Markets · AI Economics

The Tokenmaxxing Era Just Ended. The Run-Rate Doubling Curve Just Got an Efficiency Asterisk.

Marcus Chen·June 27, 2026·6 min read

CNBC ran a piece on Friday with a word in the headline that I have been waiting to see in print: tokenmaxxing. The thesis underneath it is that the era of incentivizing developers to use as many tokens as humanly possible, with no return-on-investment question asked, is closing. The receipts are real. Uber blew through its entire 2026 AI budget in four months and capped Claude Code at $1,500 per employee per month per tool. Lindy moved one hundred percent of its production traffic from Claude to DeepSeek. Vercel watched DeepSeek's share of AI Gateway token volume jump from under one percent to seventeen percent inside the month of May. Z.ai shipped GLM 5.2 on June 17 and landed within a percentage point of Opus 4.8 on a key agentic benchmark at roughly one fifth the cost.

The headline reads as a story about enterprise belt-tightening. The deeper read is about the slope of the curve that Anthropic and OpenAI are riding into the IPO window. Both companies are in the same room as a Wall Street disclosure attorney right now. Both are walking that attorney through a revenue table where the most recent line items roughly double every two to three months. The CNBC piece is the first wire-level signal that the assumption underneath that table is starting to fray.

The Math

Anthropic disclosed a $47 billion annualized run-rate at the end of May. The same company was at $30 billion in April, $14 billion at the Series G in February, $9 billion at the end of 2025, and roughly $1 billion at the start of 2025. That is the steepest enterprise software ramp on record. OpenAI was pacing closer to $25 billion earlier this year, up from $13.1 billion across all of 2025. Both numbers come from disclosure-quality sources. Both are baked into the S-1 paperwork.

Data point	Value	Notes
Anthropic run-rate (May)	$47B	Up from $30B in April, $14B at Series G in February
OpenAI run-rate (early 2026)	~$25B	Up from $13.1B for all of 2025
Uber per-dev AI cap	$1,500/mo	Per employee, per agentic coding tool, after burning 2026 budget in four months
Lindy traffic shift	100% to DeepSeek	Off Claude entirely, CEO says it saves millions
Vercel DeepSeek share (May)	<1% to 17%	Share of token volume; share of spend stayed near 1 percent
GLM 5.2 vs Opus 4.8	~1 pt gap	On a key agentic benchmark, at roughly 1/5 the cost, MIT license

Two of those rows tell the same story from different angles. Vercel's gateway data shows the volume side of the shift: buyers are routing more inference at DeepSeek even though the revenue line at DeepSeek barely moves, because the per-token cost is so much lower that seventeen percent of token volume maps to roughly one percent of spend. Lindy is the existence proof at the company level: a real production agent business ran the migration end to end and pocketed the difference. Uber is the existence proof at the enterprise procurement level: when the bill gets unmanageable, the CFO writes a per-seat ceiling and the ceiling sticks.

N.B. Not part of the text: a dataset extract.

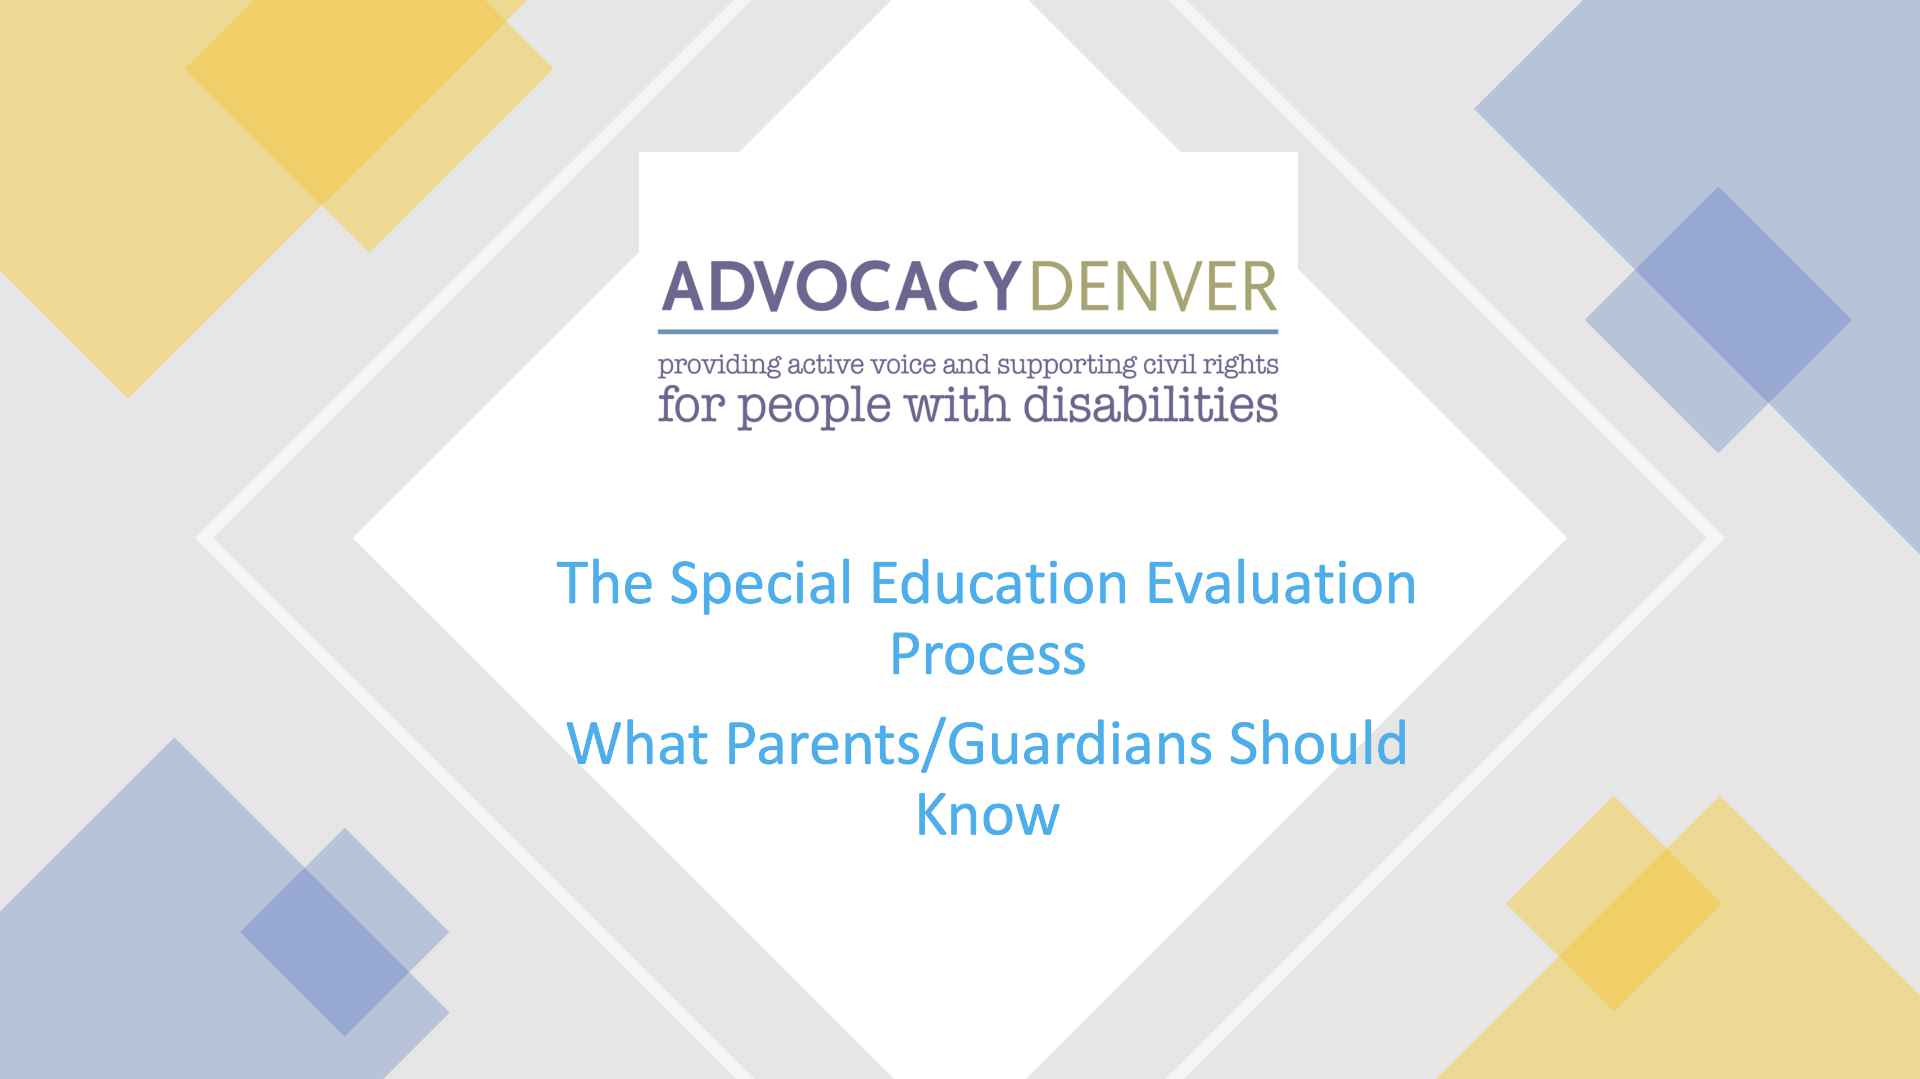 The Special Education Evaluation Process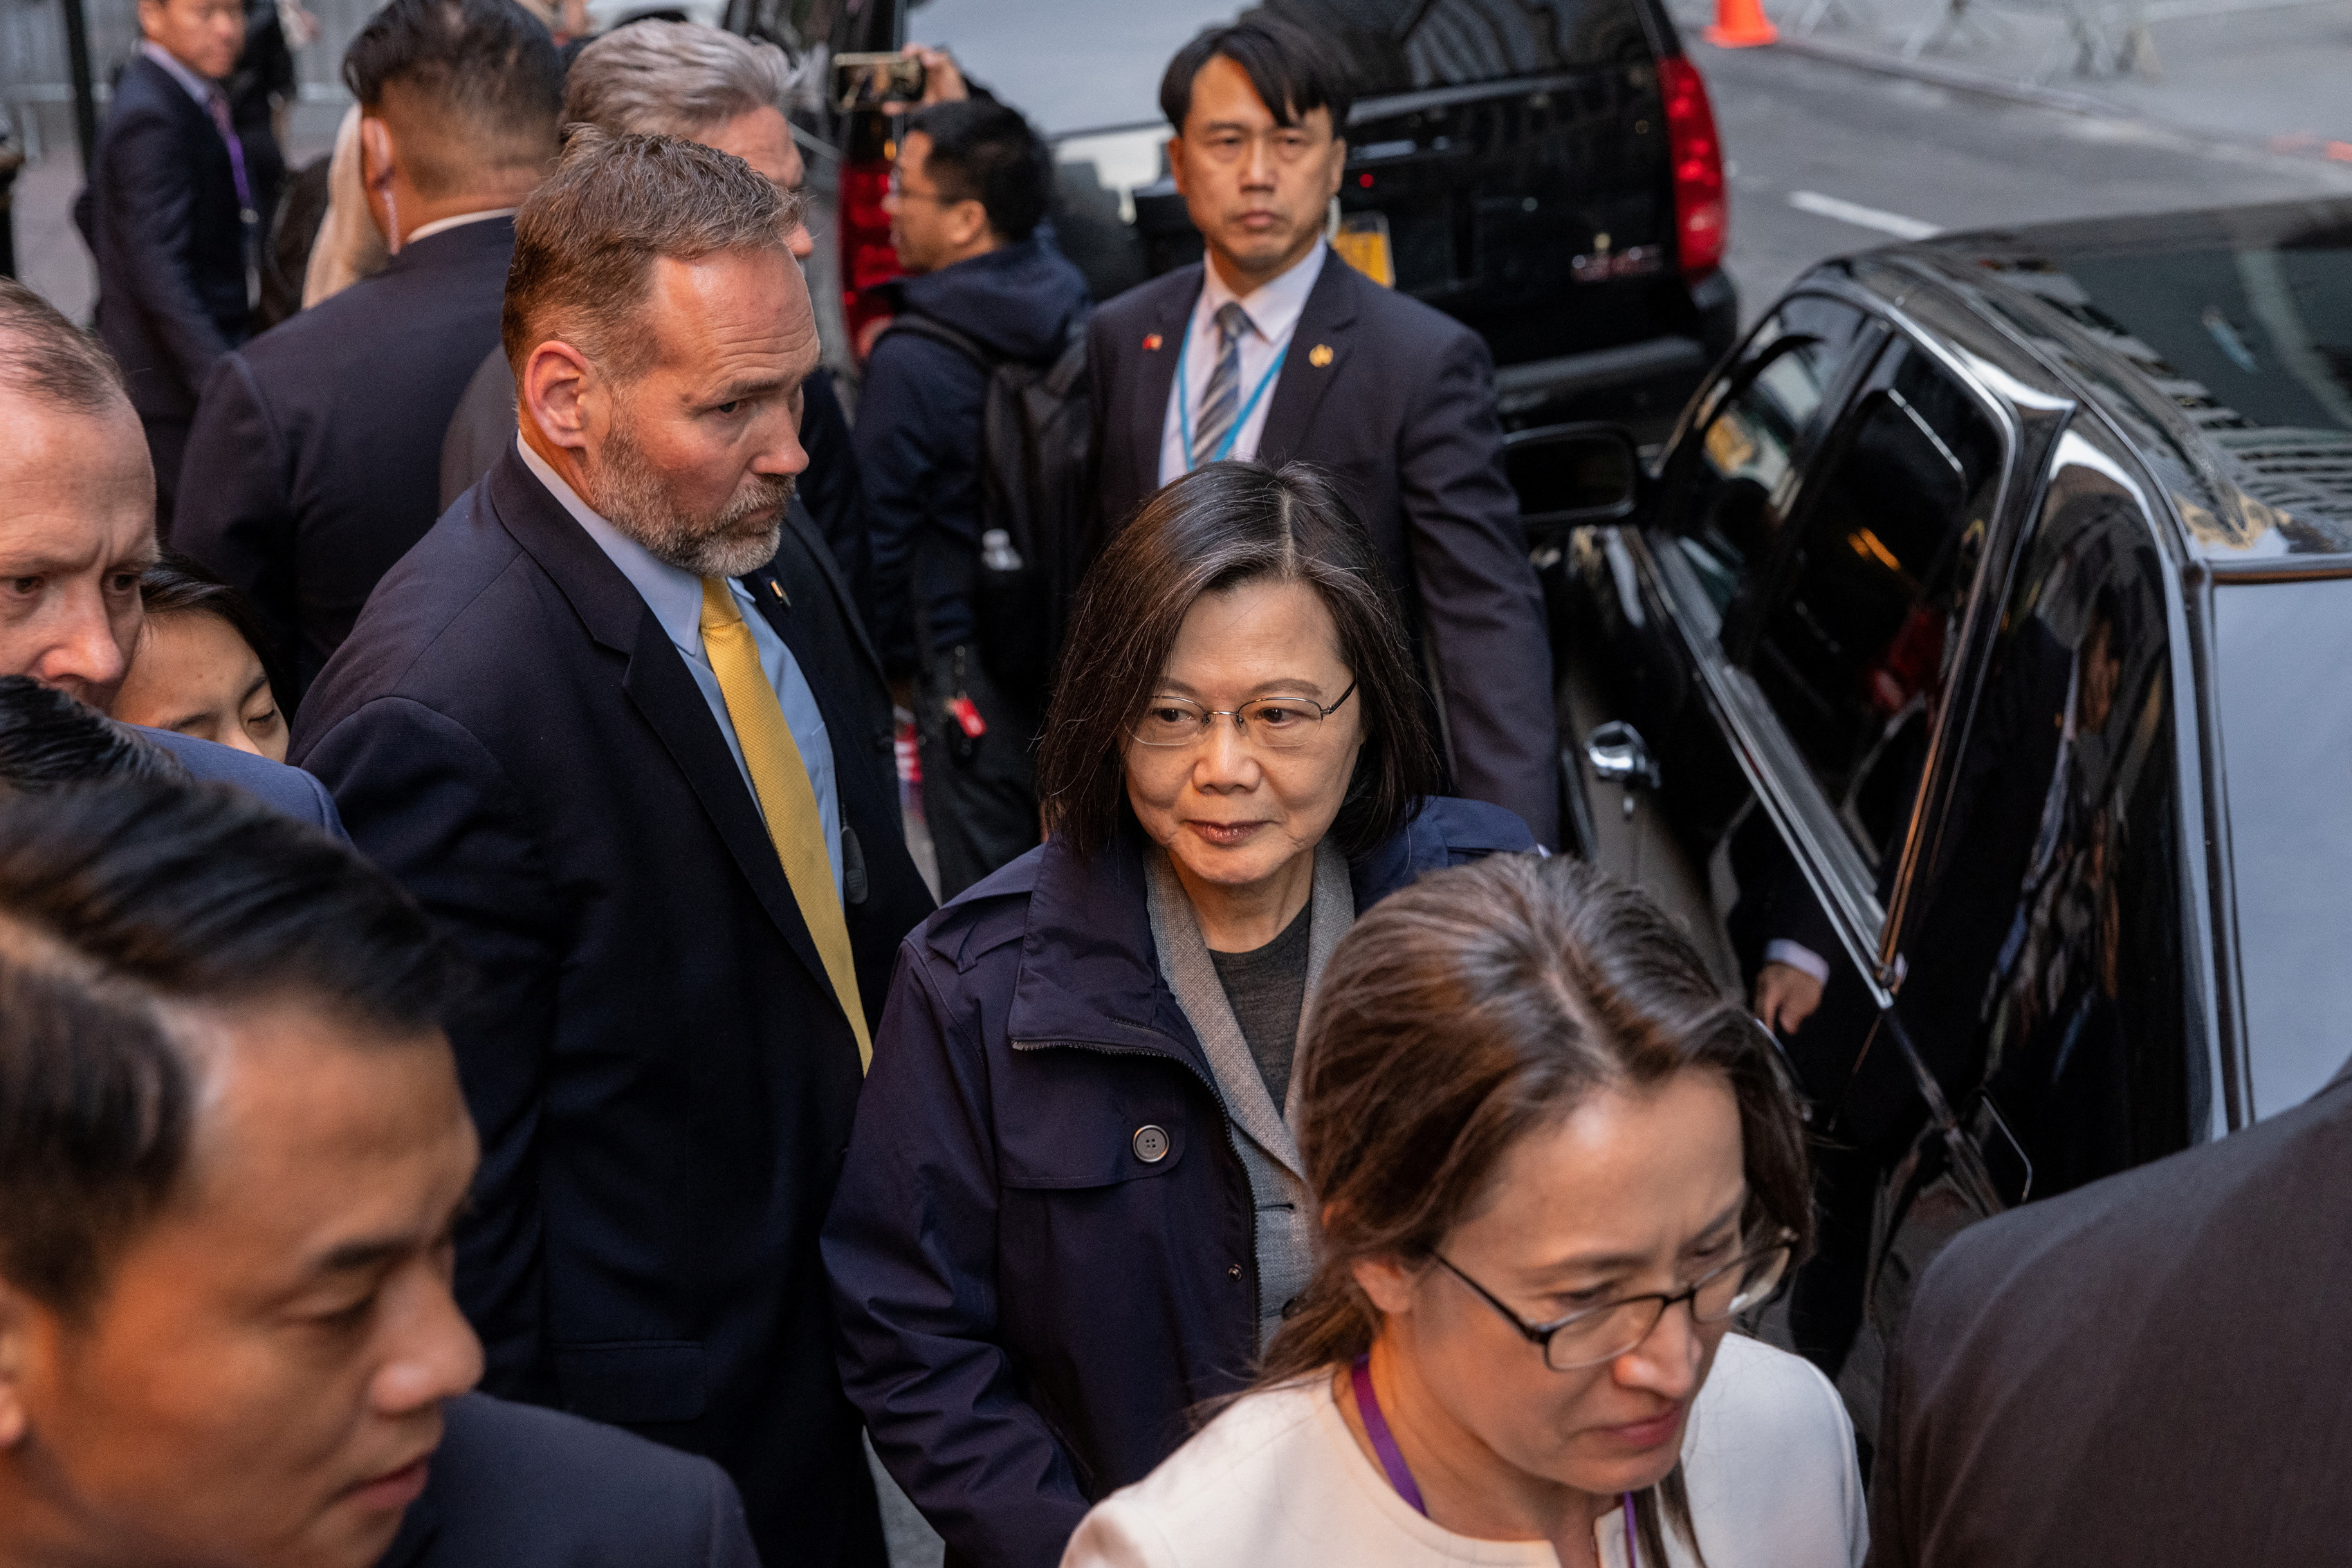 Taiwan’s President Tsai Ing-wen arrives at the Lotte Hotel in Manhattan in New York City

The Buyer Just Found Vocabulary

The reason this matters is that the buyer side of the AI market spent eighteen months without a clean conceptual frame for spending. The dominant motion was: a developer adopts a coding agent, the agent emits twenty thousand tokens of context per prompt, the bill shows up at the end of the month, the finance team writes a check because the developer says the tool is essential. That worked at small scale. It does not work when the tool ships to thousands of developers at a Fortune 500 enterprise and the line item crosses a number the CFO will actually defend in front of a board.

What changed in the last sixty days is that the buyer started getting vocabulary. The CNBC piece names the spending pattern, contrasts it with an efficiency posture, and quotes named CEOs and analysts pointing the same direction. Once a wire publishes a frame like that, the frame propagates to the procurement decks at every other large buyer inside two weeks. Tokenmaxxing becomes the thing the new procurement deck explicitly says it is not. The $1,500 cap at Uber stops being one company's policy and starts being the floor of an industry norm.

The procurement question that gets asked next is the dangerous one for a frontier API business: what is the marginal value of the most expensive token I am buying right now, and would a cheaper token serve the same workflow? For a long-horizon agentic coding session against Opus 4.8 the answer is usually yes, the premium is worth it. For a customer support agent, a retrieval-augmented chatbot, an internal documentation assistant, the answer is increasingly no. That second category is where the volume lives.

What This Does to the IPO Math

Anthropic filed a confidential S-1 earlier this quarter. OpenAI is on a 2027 IPO clock with internal paperwork already in motion, the same window we covered in the IPO filing piece. Both prospectuses share a structural feature: the revenue ramp on the cover is steep enough that it carries the multiple, but the disclosure language has to explain why the curve will keep going. The standard answer is some combination of enterprise penetration, new product lines (Claude Code, Codex, the partner channel), and federal procurement. The new answer has to also address the tokenmaxxing cliff.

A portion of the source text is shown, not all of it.